E vale dizer também que o disco prossegue unindo climas sombrios e operísticos em Afterlife, parte para o rock de garagem perturbador em Indio, soa como um ABBA do mal em I can’t imagine (Why you feel this way), bola uma versão sombria do som do B-52s em Somethin’ ain’t right e junta o New Order de 1981 e o Kraftwerk pré-Autobahn em Idiot box. Em todo o álbum, ressoa uma sonoridade que torna esse disco recomendadíssimo para fãs de bandas como Pretenders, Roxy Music e Japan, além da fase Berlim de David Bowie.

Com músicas chamadas Afterlife e Live forever logo no começo, a estreia da nova banda de Sharon é, sim, um disco mobilizado existencialmente. Os temas variam da morte de um fã dela por doença crônica, até maternidade, apegos, envelhecimento (em Fading beauty, que impressiona pela intensidade da letra e do arranjo espacial e meditativo, lembrando os trabalhos solo de Nico) e os autoenganos e gaslightings da vida.

Estes dois últimos temas, por sinal, surgem numa das melhores faixas do álbum, Southern life (What must it be like). Nessa canção, não há nada do calor do rock sulista norte-americano  – pelo contrário, é uma música sombria que poderia ter sido composta em 1982 num canto escuro da Inglaterra. Com direito a versos como “toda a minha vida eu fechei meus olhos/e tropecei com uma mente rebelde/uma criança rebelde, mas que tinha amor/com uma luz brilhando, esquecida”.

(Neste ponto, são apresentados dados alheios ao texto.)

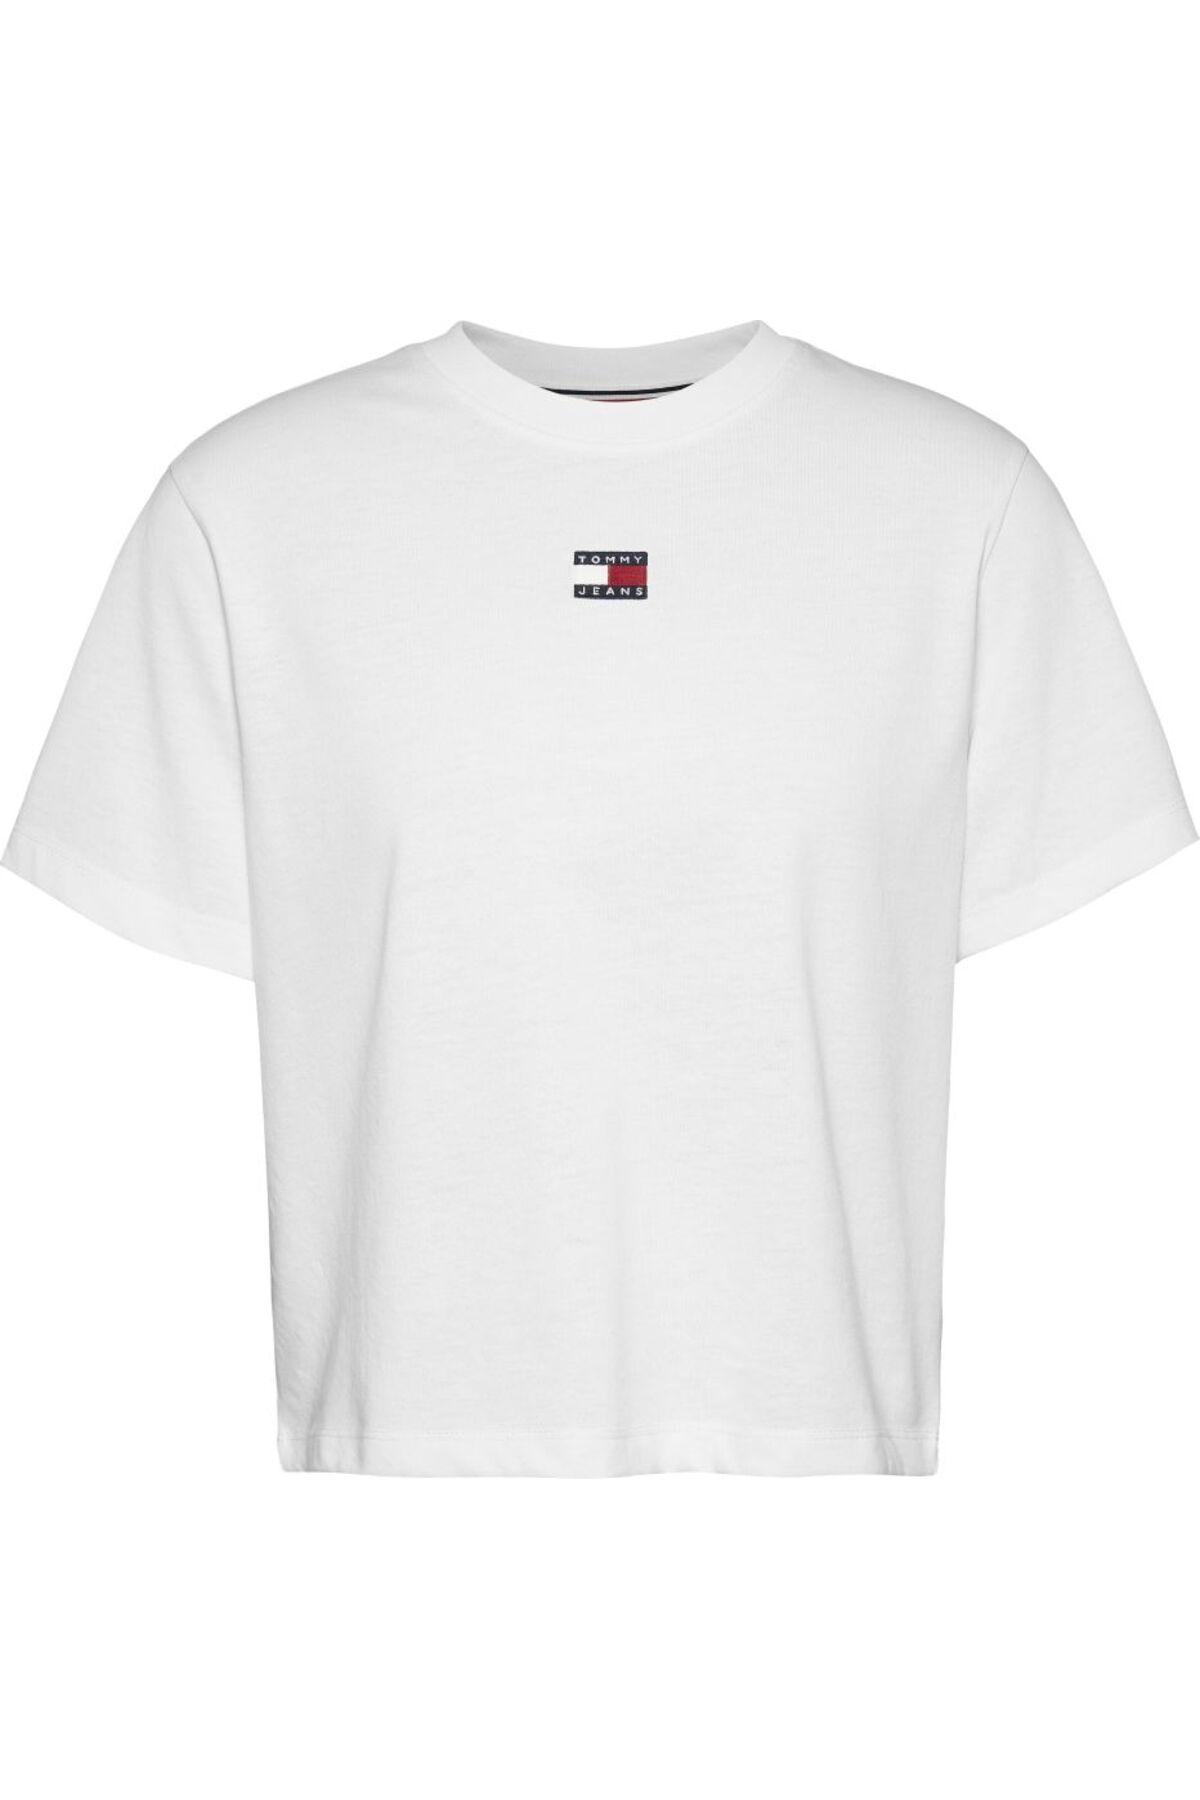 Tommy Hilfiger Tommy Jeans Kadin Boxy Fi?t Badge T-shirt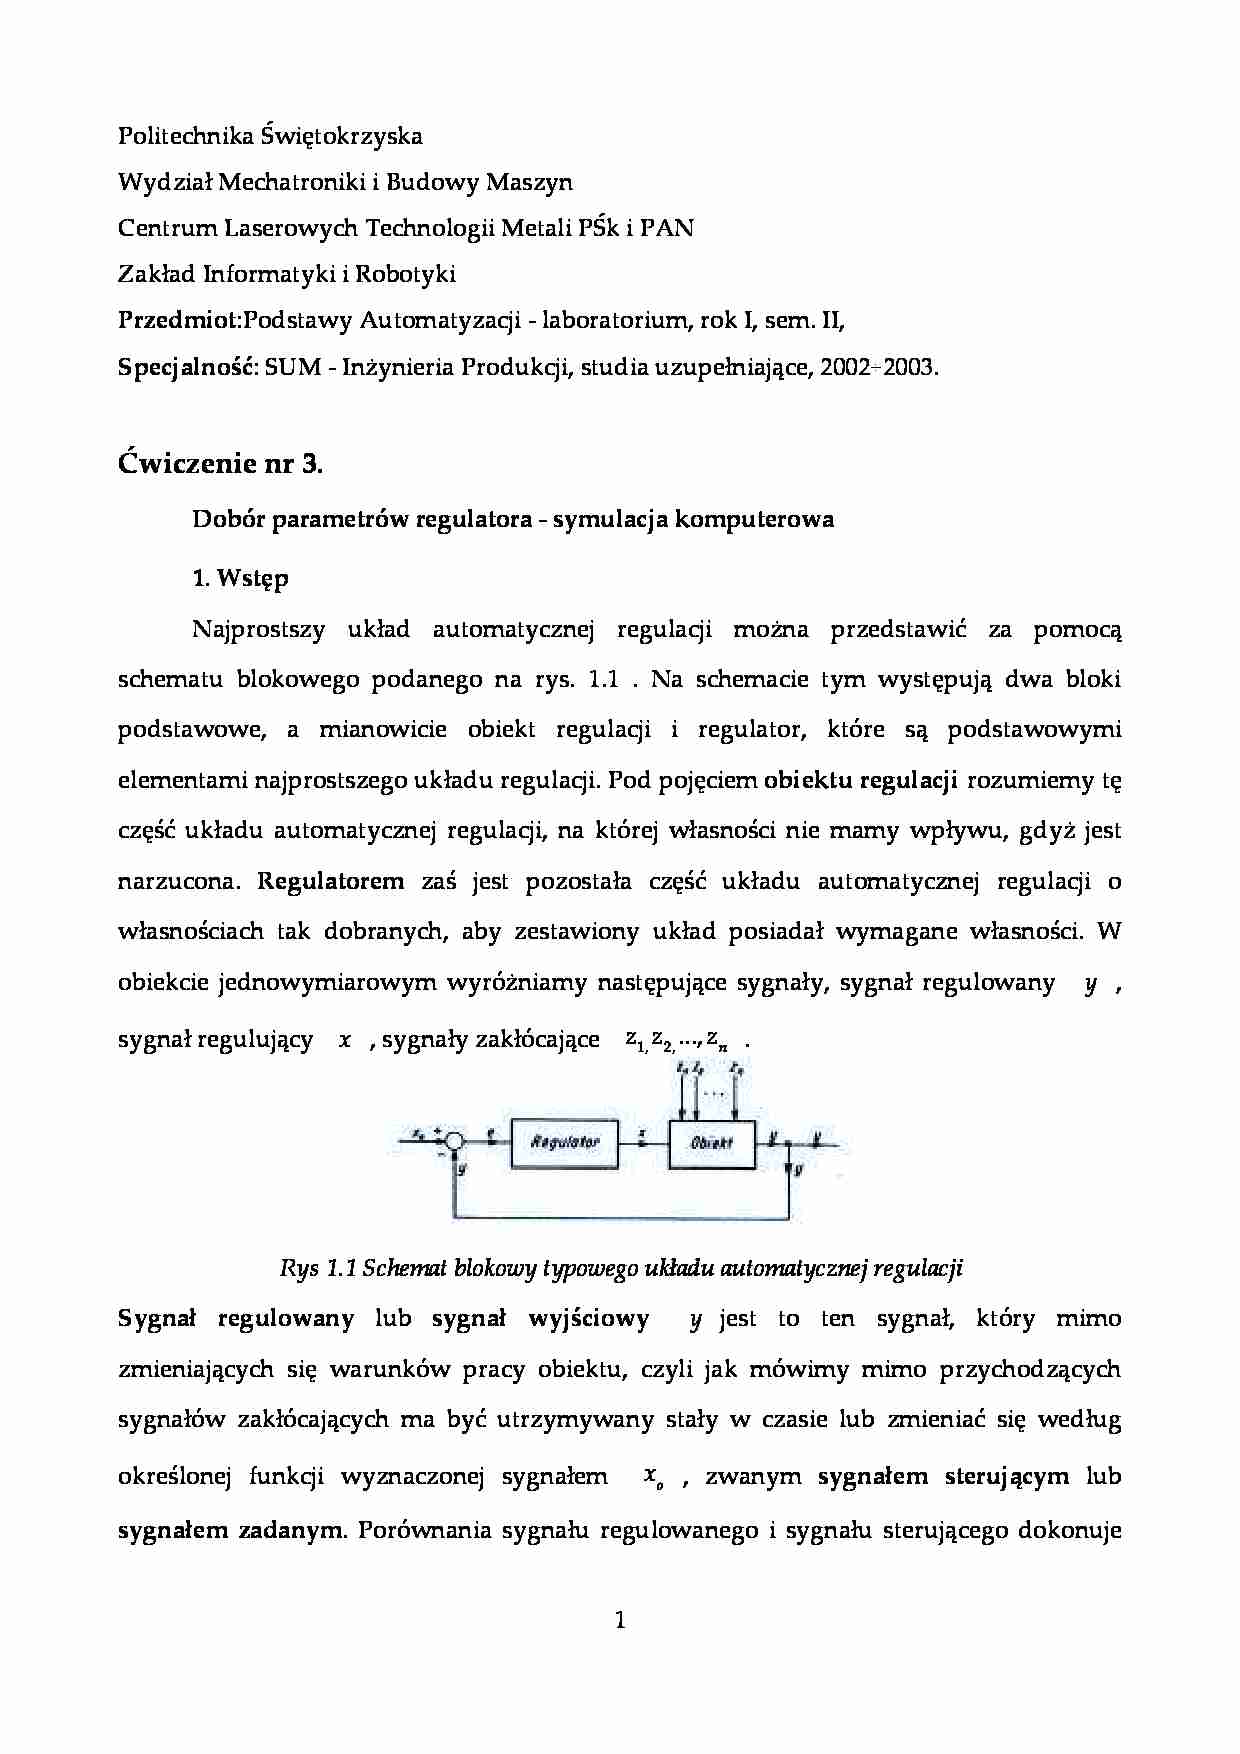 Dobór parametrów regulatora - symulacja komputerowa-sprawozdanie z laboratorium - strona 1

Uma outra referência que surge em algumas faixas de The Attachment Theory é a vibe mágica de Siouxsie Sioux e Kate Bush. Os climas gélidos de Trouble e a estrutura “mágica” de I want you here são herdeiros diretos dessa onda, e trilham o álbum num corredor agridoce e solitário, tanto quanto os discos de folk do começo dos anos 1970. Sharon Van Etten pode até ter pensado em “apenas tocar”, mas Sharon Van Etten & The Attachment Theory mostra que sua música continua carregada de significado, emoção e um espírito inquieto que a mantém em constante reinvenção.

Nota: 9
Gravadora: Jagjaguwar
Lançamento: 7 de fevereiro de 2025.

Crítica

Ouvimos: Andy Bell, “Pinball wanderer”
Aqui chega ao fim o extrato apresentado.